What is needed is an exact repeat of the lines from the one holding "ea8e5b933 Cara Delevingne" through the final line of the data, with no pictures.

▸ **Data provided**
◆ ◆ ◆ ◆
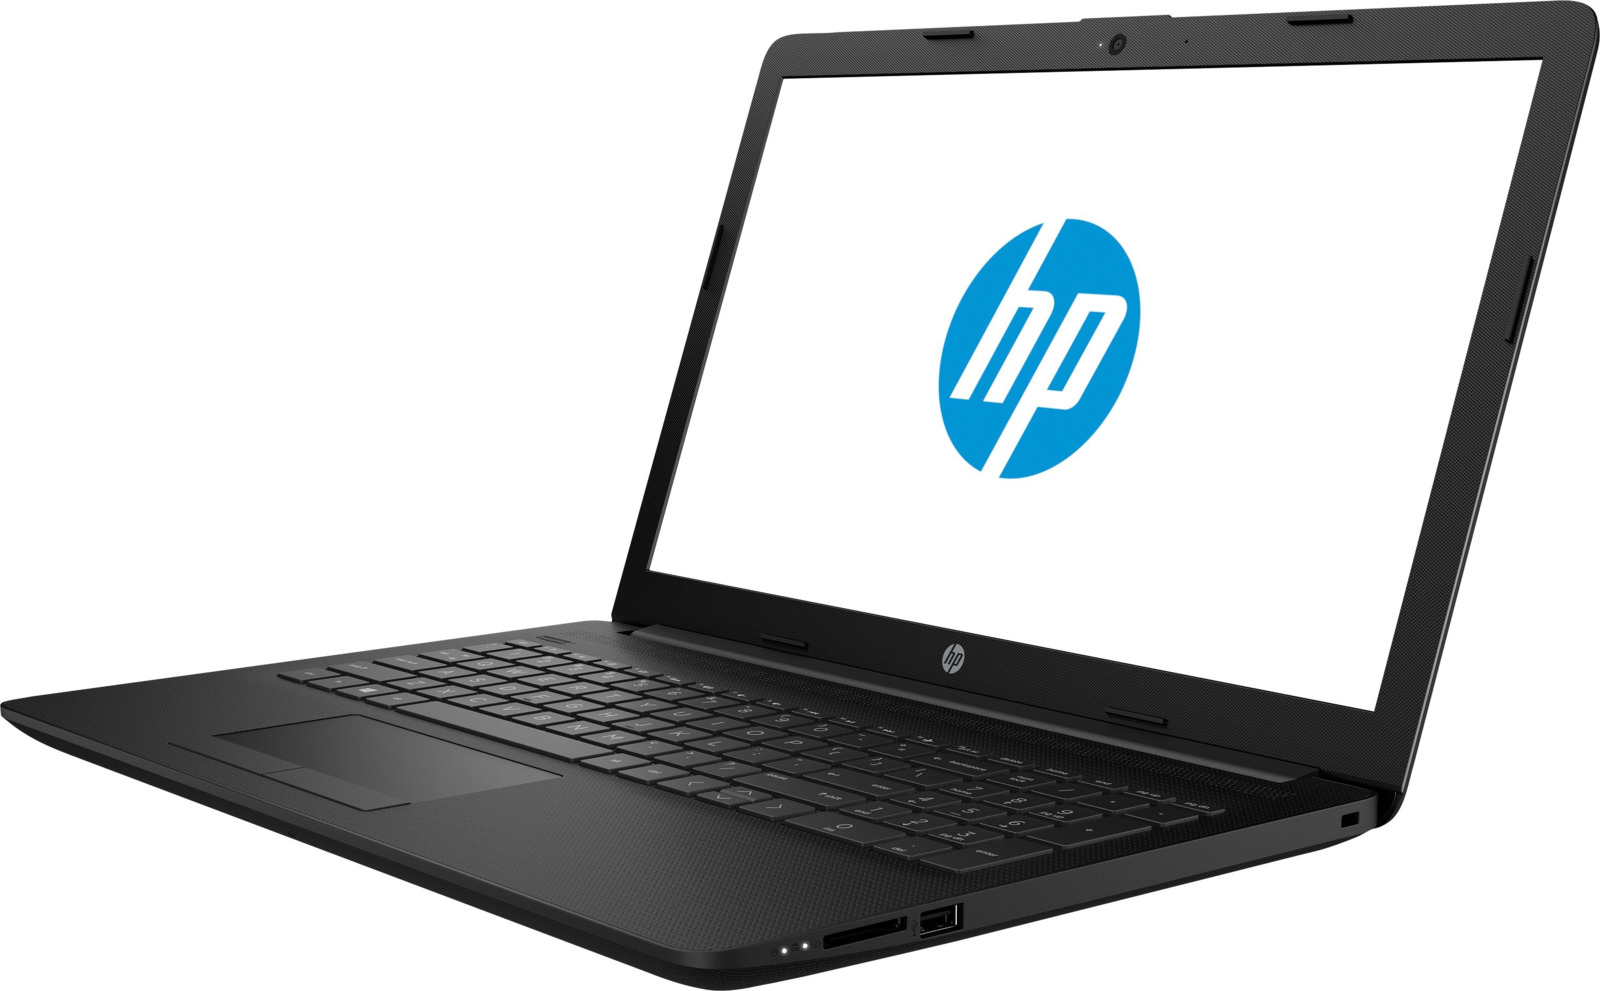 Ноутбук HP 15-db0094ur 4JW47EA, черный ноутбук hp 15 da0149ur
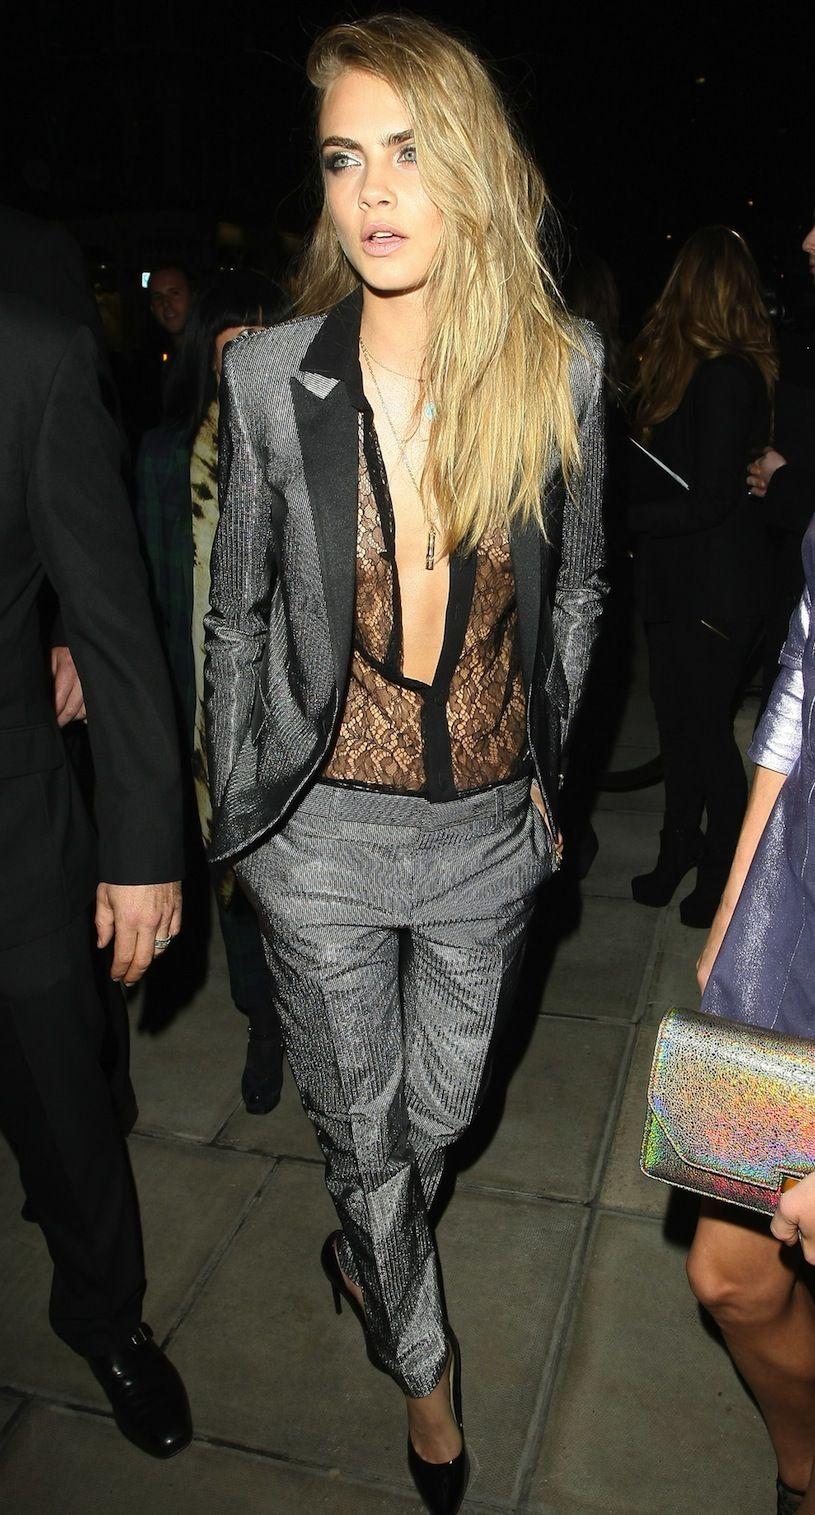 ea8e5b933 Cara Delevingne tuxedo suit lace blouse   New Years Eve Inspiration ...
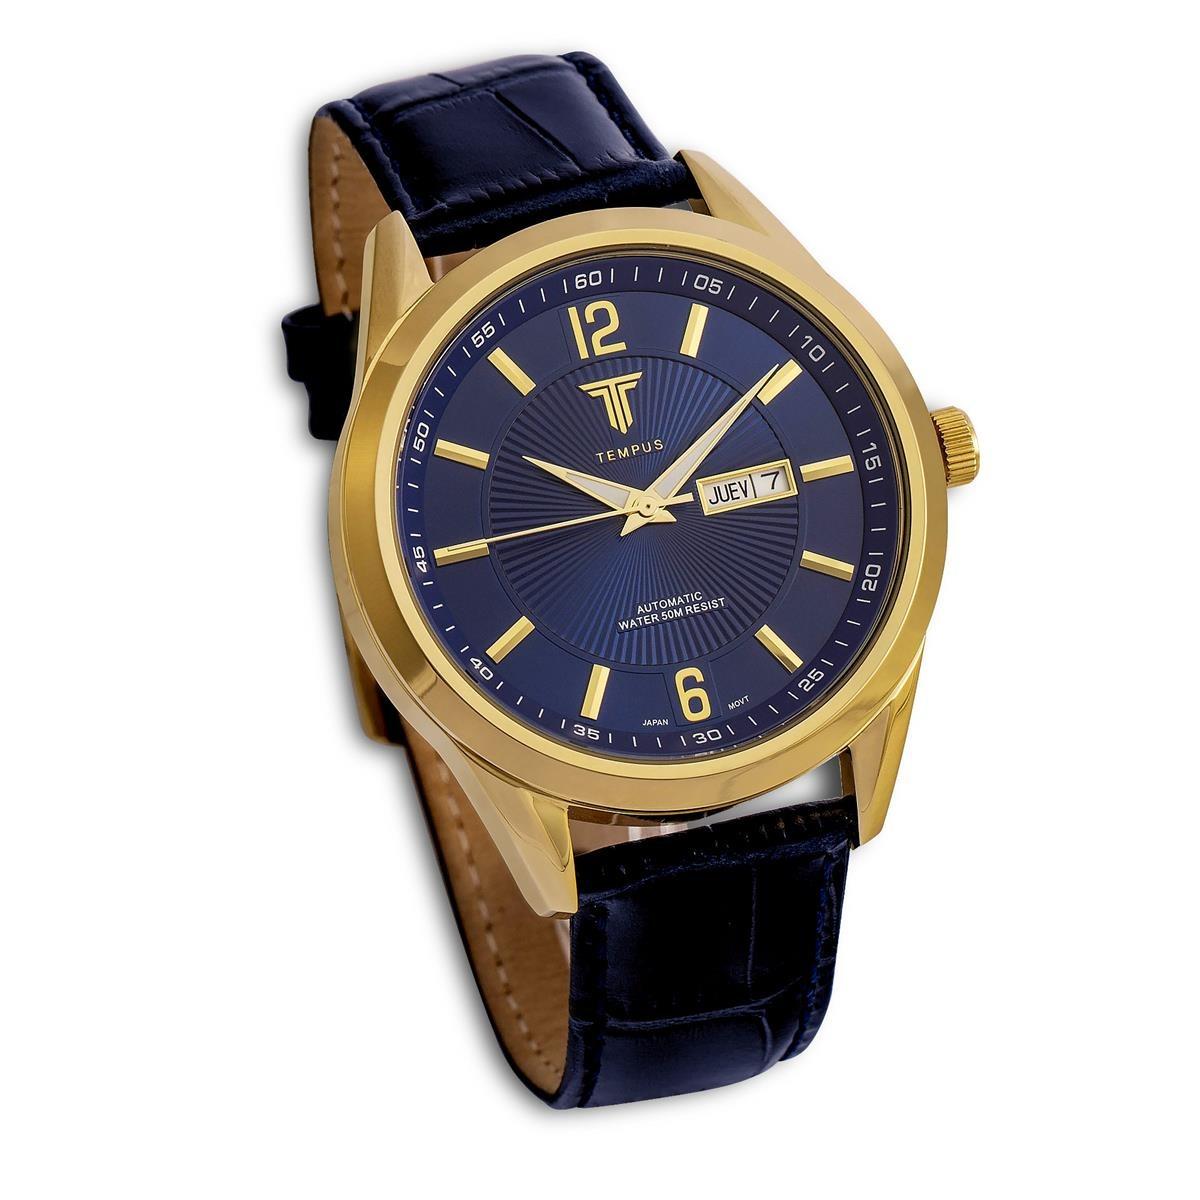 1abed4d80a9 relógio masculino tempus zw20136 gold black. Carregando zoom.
◆ ◆ ◆ ◆
▸ **Task answer**
 ea8e5b933 Cara Delevingne tuxedo suit lace blouse   New Years Eve Inspiration ...
 1abed4d80a9 relógio masculino tempus zw20136 gold black. Carregando zoom.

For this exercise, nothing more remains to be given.